--- Records for the task Enclosed Below ---

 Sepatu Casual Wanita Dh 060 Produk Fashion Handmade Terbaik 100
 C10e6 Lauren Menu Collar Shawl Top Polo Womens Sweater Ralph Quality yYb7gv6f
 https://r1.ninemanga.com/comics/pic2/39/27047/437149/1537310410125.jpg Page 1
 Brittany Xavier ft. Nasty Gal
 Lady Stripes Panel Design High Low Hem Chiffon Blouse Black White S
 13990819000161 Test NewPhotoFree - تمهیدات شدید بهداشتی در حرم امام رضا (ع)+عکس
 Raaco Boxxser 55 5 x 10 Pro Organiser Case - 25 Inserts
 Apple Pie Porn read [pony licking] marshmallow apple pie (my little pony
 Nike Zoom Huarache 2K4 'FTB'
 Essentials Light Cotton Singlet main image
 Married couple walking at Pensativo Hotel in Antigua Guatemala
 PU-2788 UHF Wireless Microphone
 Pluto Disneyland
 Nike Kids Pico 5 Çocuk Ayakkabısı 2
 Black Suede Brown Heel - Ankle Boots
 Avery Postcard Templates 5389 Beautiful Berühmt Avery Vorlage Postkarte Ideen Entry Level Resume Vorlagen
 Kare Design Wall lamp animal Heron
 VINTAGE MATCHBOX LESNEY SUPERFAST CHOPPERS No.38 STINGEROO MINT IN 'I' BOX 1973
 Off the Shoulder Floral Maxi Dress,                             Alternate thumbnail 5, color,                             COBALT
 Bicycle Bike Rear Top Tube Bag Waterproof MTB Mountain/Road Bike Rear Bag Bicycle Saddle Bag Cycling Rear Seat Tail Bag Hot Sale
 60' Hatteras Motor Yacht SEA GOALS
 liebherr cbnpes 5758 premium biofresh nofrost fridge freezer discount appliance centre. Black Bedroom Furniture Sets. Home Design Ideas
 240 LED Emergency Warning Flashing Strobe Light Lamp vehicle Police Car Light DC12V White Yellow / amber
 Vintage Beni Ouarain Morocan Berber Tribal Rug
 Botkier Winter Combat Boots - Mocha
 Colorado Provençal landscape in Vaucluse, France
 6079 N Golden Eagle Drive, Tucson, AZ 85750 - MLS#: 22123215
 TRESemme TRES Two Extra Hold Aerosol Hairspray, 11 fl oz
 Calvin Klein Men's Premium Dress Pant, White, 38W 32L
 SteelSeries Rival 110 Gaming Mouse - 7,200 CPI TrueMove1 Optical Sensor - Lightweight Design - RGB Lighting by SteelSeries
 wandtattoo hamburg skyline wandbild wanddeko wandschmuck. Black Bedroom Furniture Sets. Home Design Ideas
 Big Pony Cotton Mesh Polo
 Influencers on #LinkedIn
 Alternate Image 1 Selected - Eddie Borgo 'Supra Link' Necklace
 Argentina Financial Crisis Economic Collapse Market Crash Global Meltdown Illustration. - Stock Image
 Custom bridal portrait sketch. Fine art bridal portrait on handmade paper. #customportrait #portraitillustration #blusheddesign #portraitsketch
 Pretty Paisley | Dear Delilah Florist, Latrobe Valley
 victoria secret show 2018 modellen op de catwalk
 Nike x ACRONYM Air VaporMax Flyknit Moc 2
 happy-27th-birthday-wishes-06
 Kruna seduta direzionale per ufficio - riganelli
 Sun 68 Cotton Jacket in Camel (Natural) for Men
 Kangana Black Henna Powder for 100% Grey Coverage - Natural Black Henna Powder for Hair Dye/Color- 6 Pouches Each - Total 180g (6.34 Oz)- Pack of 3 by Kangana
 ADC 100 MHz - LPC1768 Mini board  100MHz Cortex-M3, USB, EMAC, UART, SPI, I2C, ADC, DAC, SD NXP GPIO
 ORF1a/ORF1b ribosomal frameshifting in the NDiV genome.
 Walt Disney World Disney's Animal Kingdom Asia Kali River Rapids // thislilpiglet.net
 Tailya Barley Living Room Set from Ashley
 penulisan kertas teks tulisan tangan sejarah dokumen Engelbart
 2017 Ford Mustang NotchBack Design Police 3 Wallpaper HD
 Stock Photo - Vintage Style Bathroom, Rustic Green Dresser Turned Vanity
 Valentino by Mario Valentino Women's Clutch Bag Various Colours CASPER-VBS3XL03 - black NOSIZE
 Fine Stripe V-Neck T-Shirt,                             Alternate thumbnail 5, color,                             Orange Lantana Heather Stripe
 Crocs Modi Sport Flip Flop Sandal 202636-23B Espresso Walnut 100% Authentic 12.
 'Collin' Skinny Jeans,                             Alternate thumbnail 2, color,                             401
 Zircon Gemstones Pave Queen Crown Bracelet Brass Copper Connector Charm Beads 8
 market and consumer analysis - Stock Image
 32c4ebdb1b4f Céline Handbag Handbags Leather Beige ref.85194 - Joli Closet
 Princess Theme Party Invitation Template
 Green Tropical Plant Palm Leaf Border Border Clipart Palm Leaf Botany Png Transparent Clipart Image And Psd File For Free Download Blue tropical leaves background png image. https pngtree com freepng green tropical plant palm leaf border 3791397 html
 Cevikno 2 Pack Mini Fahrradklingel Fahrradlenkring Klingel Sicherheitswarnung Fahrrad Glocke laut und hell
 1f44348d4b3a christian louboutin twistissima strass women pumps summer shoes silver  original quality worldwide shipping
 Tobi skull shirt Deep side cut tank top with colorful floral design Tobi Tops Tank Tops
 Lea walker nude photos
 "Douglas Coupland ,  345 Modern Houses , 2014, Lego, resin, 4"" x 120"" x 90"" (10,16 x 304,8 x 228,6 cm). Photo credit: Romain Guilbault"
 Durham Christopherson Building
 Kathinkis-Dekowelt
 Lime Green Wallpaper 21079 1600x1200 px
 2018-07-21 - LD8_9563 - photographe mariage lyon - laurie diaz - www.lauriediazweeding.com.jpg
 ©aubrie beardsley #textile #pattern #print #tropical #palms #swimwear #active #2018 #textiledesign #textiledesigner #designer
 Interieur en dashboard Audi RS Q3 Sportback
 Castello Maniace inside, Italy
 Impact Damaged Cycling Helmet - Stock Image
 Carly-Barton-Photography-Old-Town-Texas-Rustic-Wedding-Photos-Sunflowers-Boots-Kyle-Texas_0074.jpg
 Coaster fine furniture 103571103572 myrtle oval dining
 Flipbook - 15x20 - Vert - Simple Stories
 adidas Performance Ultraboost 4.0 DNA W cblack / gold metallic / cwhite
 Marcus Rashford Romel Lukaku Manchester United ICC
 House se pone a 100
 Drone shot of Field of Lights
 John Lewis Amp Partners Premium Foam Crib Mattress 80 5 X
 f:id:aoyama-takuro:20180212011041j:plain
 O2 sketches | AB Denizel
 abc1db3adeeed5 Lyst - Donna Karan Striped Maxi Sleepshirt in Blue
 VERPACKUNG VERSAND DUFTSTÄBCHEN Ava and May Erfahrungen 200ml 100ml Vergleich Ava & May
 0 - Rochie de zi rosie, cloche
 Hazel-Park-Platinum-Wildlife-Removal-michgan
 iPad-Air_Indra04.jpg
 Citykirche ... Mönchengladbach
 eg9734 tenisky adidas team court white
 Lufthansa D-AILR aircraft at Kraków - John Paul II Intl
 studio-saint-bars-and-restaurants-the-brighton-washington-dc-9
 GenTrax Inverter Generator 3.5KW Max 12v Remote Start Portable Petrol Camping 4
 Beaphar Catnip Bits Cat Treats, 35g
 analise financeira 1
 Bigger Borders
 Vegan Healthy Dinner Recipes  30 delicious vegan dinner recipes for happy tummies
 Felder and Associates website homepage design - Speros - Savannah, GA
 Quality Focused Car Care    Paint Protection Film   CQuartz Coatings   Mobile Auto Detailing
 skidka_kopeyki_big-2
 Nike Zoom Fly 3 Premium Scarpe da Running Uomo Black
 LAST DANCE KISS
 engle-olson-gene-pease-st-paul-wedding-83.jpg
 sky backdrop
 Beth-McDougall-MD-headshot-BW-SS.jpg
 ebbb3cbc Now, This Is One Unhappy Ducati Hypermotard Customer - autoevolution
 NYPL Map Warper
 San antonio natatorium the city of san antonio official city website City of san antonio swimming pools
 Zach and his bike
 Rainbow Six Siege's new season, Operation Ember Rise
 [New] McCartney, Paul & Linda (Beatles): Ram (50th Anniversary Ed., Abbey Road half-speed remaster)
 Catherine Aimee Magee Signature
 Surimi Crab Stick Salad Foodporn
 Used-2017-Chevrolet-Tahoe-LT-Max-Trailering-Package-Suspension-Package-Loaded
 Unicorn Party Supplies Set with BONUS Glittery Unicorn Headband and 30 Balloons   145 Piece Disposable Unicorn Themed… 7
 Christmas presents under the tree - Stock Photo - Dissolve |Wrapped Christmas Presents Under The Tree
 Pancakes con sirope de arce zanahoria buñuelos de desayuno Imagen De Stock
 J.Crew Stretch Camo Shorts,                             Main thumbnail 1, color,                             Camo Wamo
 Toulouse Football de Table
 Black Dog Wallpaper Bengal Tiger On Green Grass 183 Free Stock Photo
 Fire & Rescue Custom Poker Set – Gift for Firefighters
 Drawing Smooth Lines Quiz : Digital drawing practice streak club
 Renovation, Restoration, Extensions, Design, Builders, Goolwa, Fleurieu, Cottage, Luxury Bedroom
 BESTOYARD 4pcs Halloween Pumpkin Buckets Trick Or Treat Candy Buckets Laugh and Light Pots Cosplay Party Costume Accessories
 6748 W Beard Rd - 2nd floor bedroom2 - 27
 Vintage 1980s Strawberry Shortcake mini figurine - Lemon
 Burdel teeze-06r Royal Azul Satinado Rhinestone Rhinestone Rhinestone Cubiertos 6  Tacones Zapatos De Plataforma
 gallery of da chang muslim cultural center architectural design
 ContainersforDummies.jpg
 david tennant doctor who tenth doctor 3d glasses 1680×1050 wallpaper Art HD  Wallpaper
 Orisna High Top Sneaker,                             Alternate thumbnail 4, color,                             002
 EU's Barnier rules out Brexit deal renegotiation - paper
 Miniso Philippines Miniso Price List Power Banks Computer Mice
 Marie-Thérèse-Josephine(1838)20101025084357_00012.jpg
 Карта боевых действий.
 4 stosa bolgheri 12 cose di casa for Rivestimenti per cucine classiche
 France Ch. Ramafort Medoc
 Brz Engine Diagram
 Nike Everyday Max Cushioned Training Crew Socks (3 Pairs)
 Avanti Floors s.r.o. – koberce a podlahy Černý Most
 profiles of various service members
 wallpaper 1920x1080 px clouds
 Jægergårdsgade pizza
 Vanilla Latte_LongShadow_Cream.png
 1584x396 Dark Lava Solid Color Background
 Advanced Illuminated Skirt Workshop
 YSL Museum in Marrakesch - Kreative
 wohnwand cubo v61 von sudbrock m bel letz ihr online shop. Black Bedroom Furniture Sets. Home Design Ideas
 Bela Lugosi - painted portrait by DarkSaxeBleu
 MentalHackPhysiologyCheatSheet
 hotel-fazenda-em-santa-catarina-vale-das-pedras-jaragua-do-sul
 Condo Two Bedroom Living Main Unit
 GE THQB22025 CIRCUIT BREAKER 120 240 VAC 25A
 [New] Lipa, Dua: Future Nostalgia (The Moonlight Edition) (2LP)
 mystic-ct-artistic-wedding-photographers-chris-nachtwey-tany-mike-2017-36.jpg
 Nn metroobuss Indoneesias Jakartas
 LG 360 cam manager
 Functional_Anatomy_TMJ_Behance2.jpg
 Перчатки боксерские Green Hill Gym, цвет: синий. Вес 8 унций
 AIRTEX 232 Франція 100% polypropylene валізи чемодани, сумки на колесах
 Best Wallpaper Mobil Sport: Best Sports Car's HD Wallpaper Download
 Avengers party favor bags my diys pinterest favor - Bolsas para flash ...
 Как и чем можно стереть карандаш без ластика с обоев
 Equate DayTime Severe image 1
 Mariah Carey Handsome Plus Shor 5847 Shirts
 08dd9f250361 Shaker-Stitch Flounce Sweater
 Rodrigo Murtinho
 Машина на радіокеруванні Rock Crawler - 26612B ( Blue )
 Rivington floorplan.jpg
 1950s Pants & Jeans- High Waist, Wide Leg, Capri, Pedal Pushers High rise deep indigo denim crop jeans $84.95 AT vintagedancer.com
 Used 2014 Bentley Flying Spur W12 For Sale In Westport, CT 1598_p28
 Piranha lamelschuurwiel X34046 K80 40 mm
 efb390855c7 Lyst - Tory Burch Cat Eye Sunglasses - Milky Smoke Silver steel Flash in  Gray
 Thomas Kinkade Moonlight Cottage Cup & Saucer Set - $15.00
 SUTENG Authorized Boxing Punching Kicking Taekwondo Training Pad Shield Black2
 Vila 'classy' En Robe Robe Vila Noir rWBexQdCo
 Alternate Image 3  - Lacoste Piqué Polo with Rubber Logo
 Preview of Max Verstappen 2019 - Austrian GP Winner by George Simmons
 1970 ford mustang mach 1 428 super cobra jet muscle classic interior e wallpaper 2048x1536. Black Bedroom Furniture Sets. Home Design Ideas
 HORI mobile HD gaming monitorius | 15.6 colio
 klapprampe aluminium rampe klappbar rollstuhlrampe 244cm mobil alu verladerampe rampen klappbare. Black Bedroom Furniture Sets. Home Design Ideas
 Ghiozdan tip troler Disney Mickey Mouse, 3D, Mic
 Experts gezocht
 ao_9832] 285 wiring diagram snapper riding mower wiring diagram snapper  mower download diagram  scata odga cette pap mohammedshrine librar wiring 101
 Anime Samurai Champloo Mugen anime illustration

--- End of Enclosed Records for the task ---

- _Exercise instructions_
Above are the records. Print exactly, and only, the lines from the line with "240 LED Emergency" to the line with "Kruna seduta direzionale", both inclusive.

- _Expected answer_
 240 LED Emergency Warning Flashing Strobe Light Lamp vehicle Police Car Light DC12V White Yellow / amber
 Vintage Beni Ouarain Morocan Berber Tribal Rug
 Botkier Winter Combat Boots - Mocha
 Colorado Provençal landscape in Vaucluse, France
 6079 N Golden Eagle Drive, Tucson, AZ 85750 - MLS#: 22123215
 TRESemme TRES Two Extra Hold Aerosol Hairspray, 11 fl oz
 Calvin Klein Men's Premium Dress Pant, White, 38W 32L
 SteelSeries Rival 110 Gaming Mouse - 7,200 CPI TrueMove1 Optical Sensor - Lightweight Design - RGB Lighting by SteelSeries
 wandtattoo hamburg skyline wandbild wanddeko wandschmuck. Black Bedroom Furniture Sets. Home Design Ideas
 Big Pony Cotton Mesh Polo
 Influencers on #LinkedIn
 Alternate Image 1 Selected - Eddie Borgo 'Supra Link' Necklace
 Argentina Financial Crisis Economic Collapse Market Crash Global Meltdown Illustration. - Stock Image
 Custom bridal portrait sketch. Fine art bridal portrait on handmade paper. #customportrait #portraitillustration #blusheddesign #portraitsketch
 Pretty Paisley | Dear Delilah Florist, Latrobe Valley
 victoria secret show 2018 modellen op de catwalk
 Nike x ACRONYM Air VaporMax Flyknit Moc 2
 happy-27th-birthday-wishes-06
 Kruna seduta direzionale per ufficio - riganelli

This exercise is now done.